Supplied data =
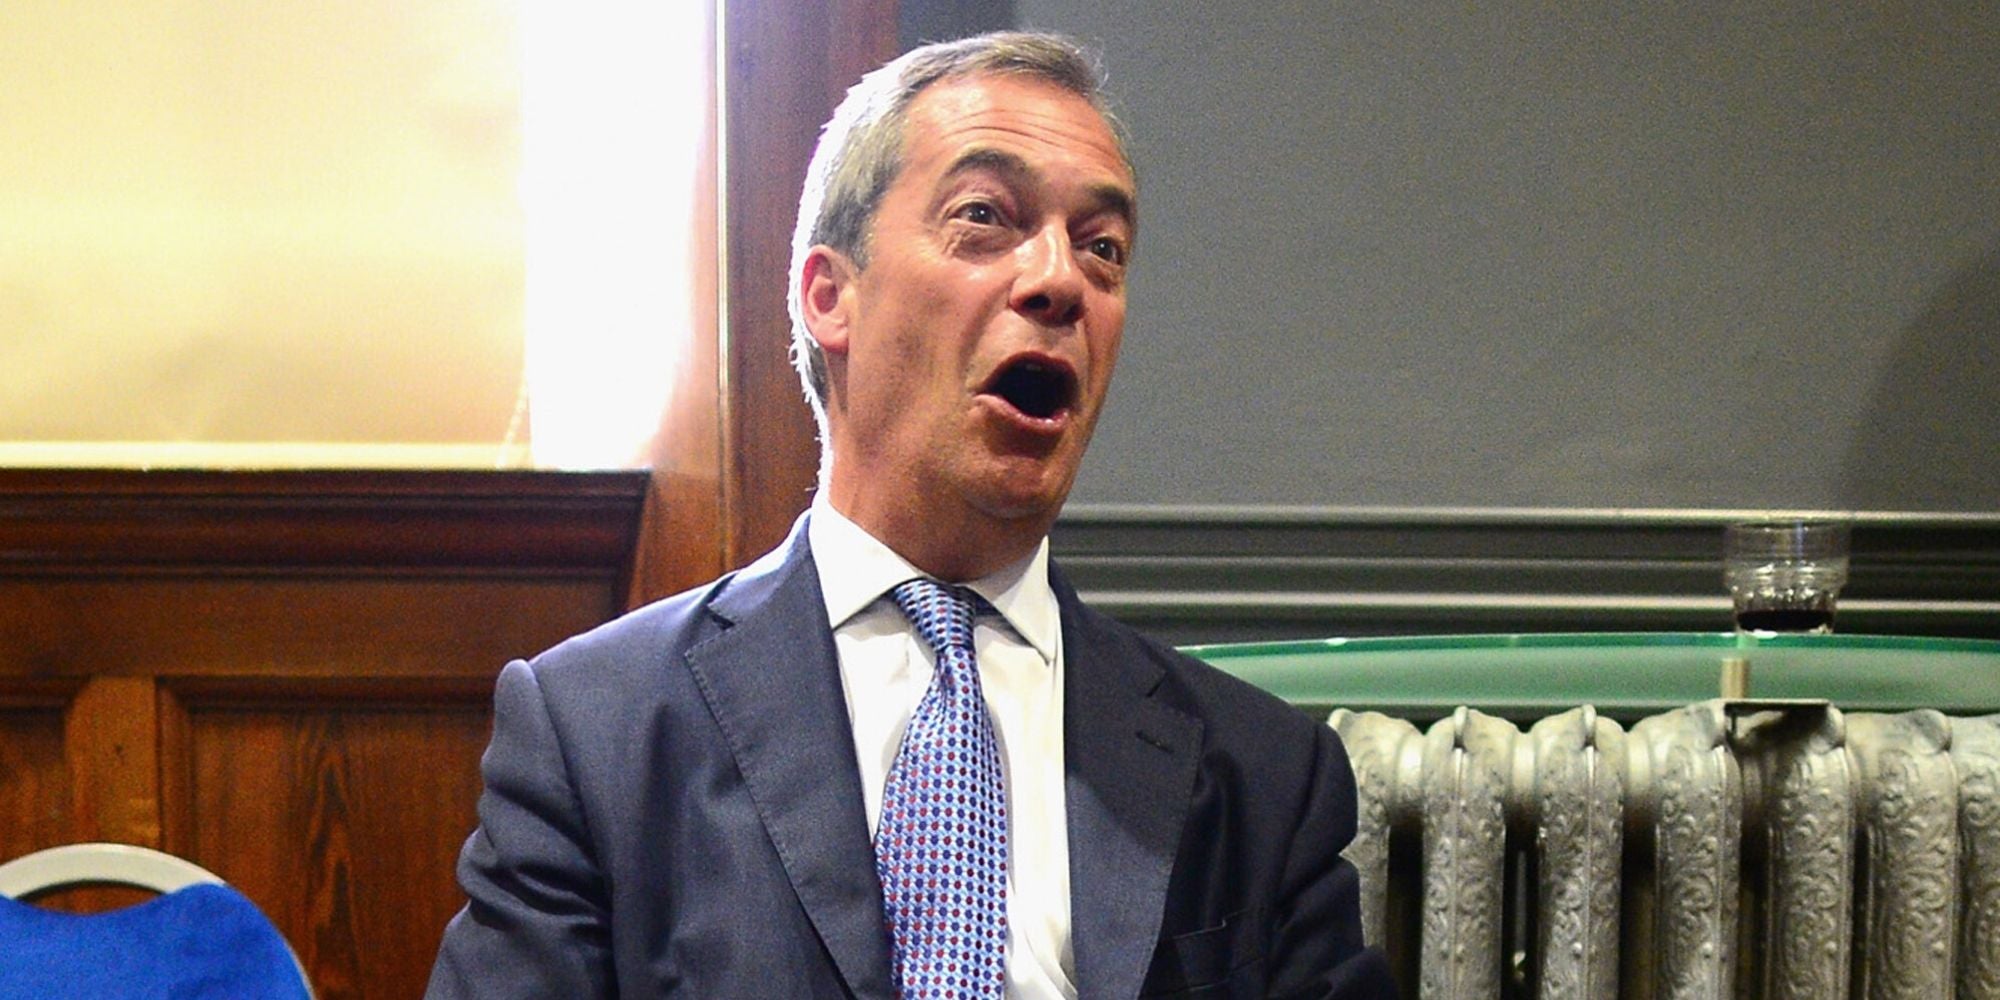 Nigel Farage reported to police for visiting pub after US Trump rally trip
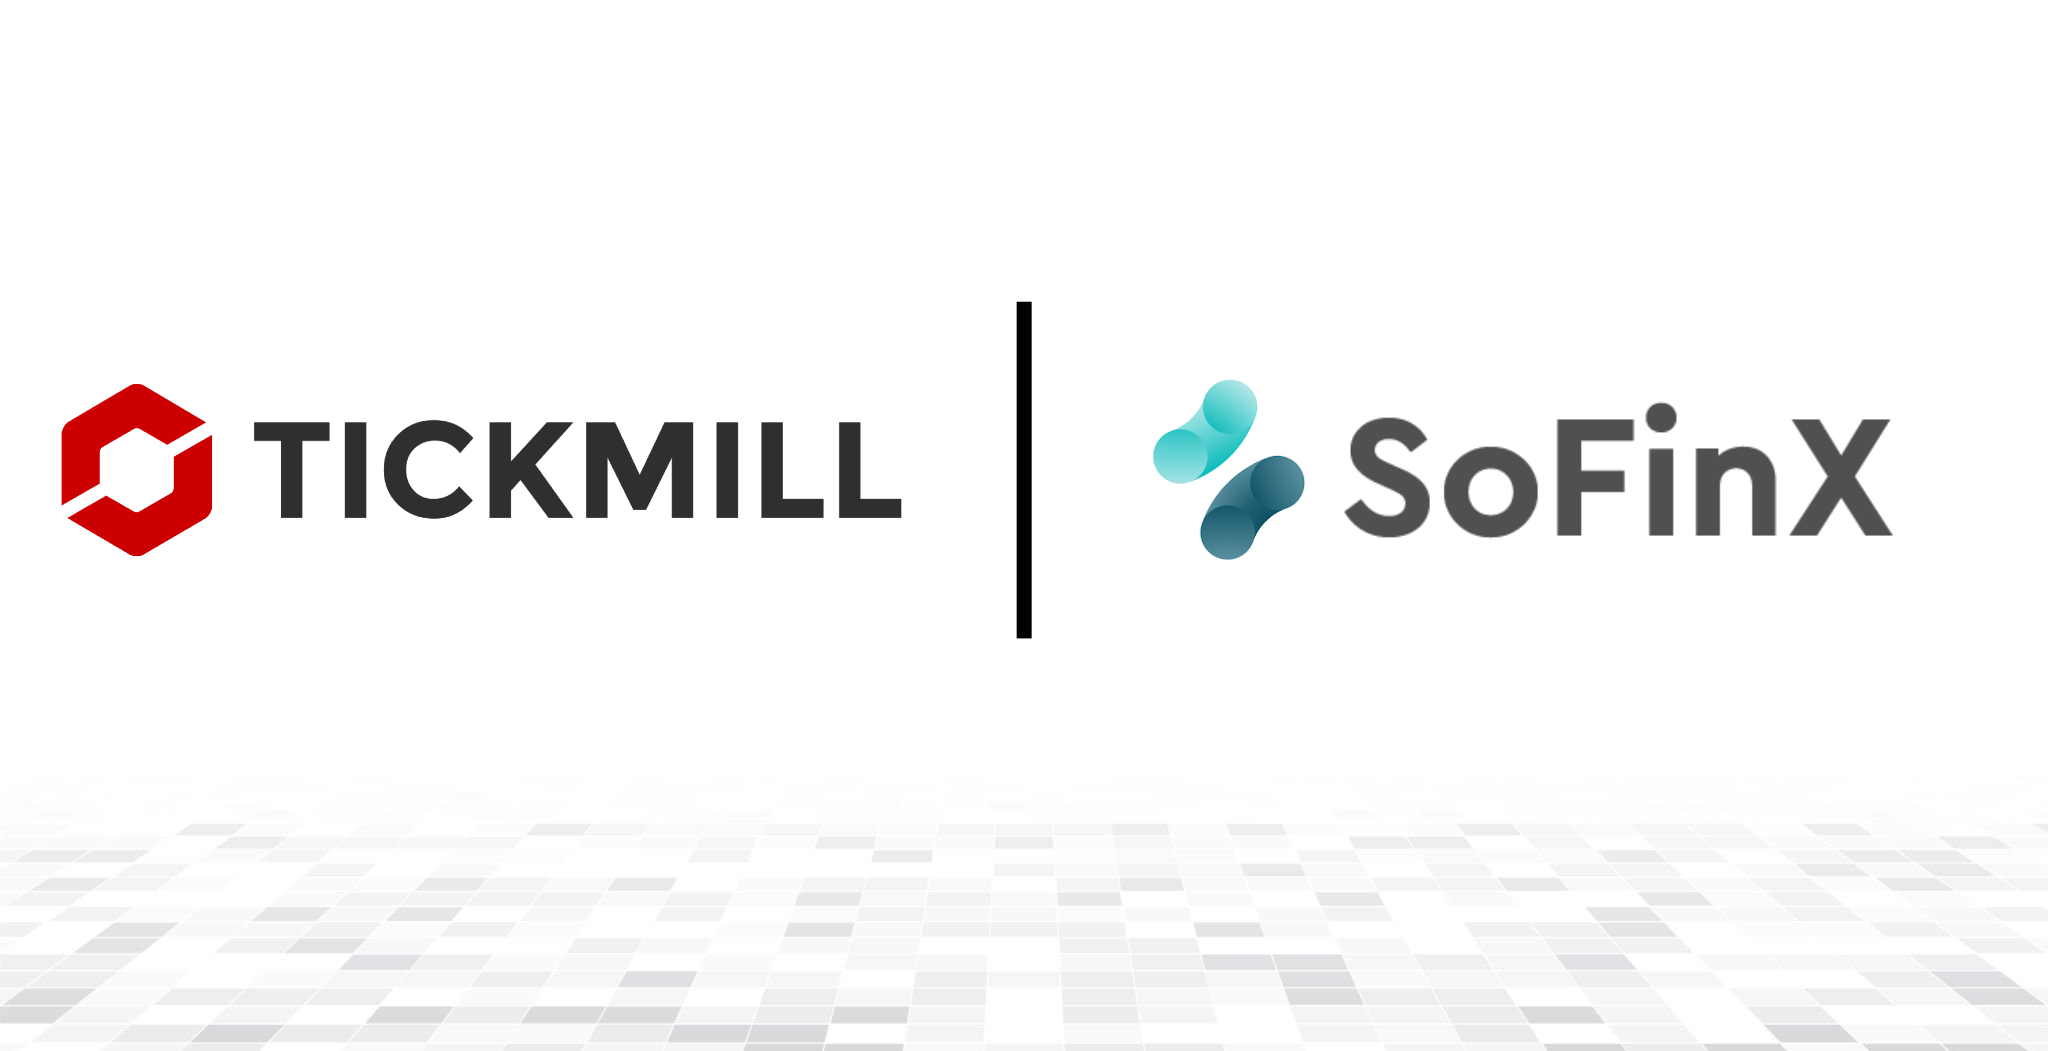 Tickmill has integrated SoFinX's social trading platform, allowing clients to copy trades from over 10,000 signal providers for enhanced copy trading experience.
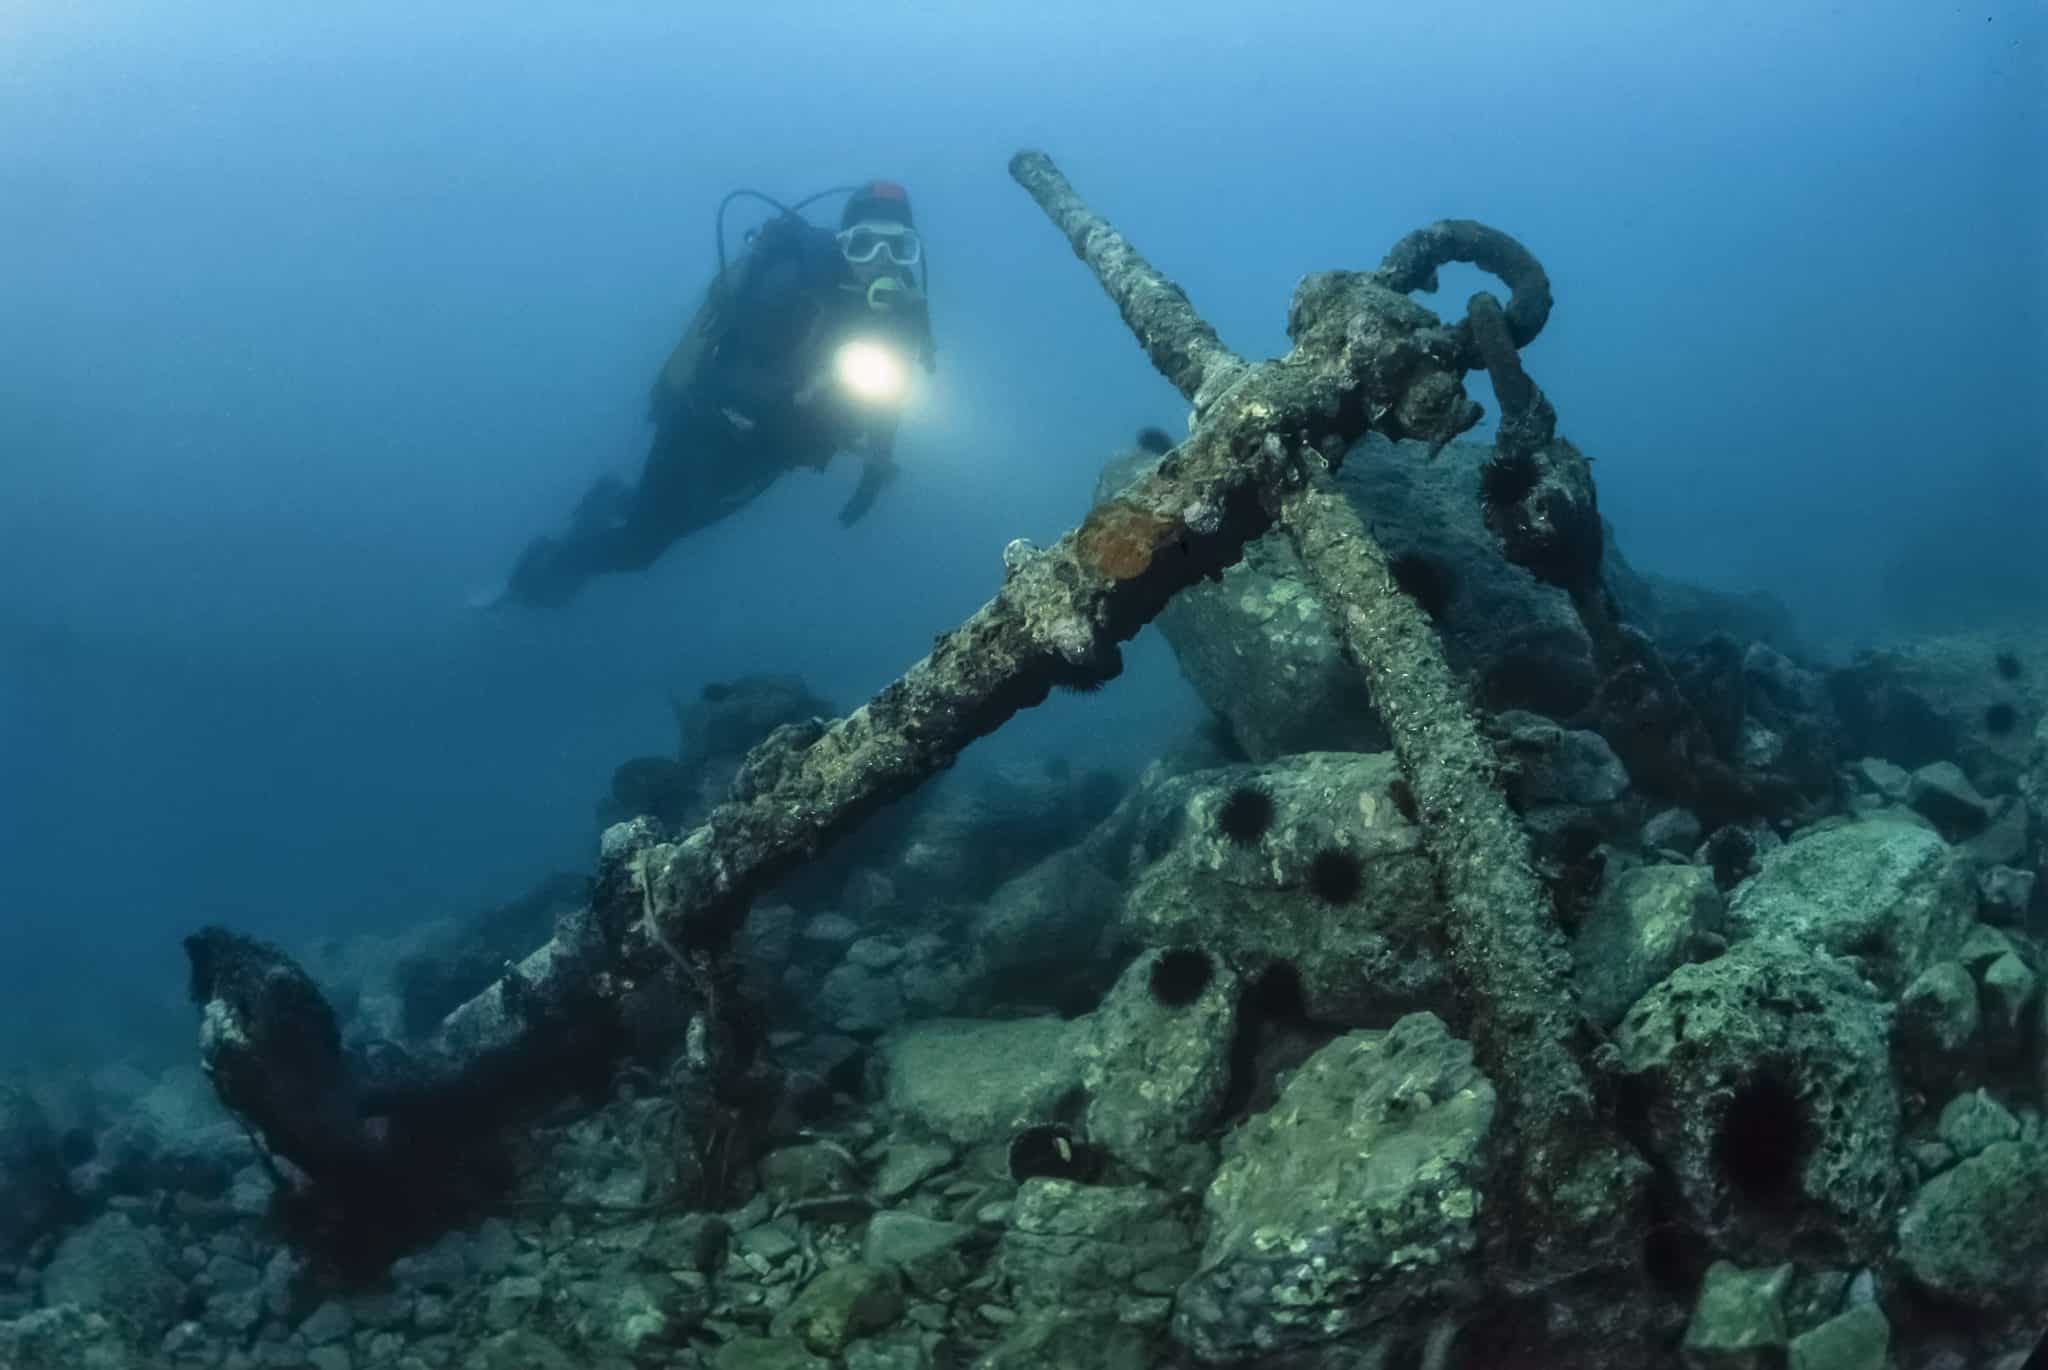 Billions worth of underwater artefacts become real use case for Non-Fungible Tokens

The task = Copy out the data above exactly, except the pictures.

Response box =
 Nigel Farage reported to police for visiting pub after US Trump rally trip
 Tickmill has integrated SoFinX's social trading platform, allowing clients to copy trades from over 10,000 signal providers for enhanced copy trading experience.
 Billions worth of underwater artefacts become real use case for Non-Fungible Tokens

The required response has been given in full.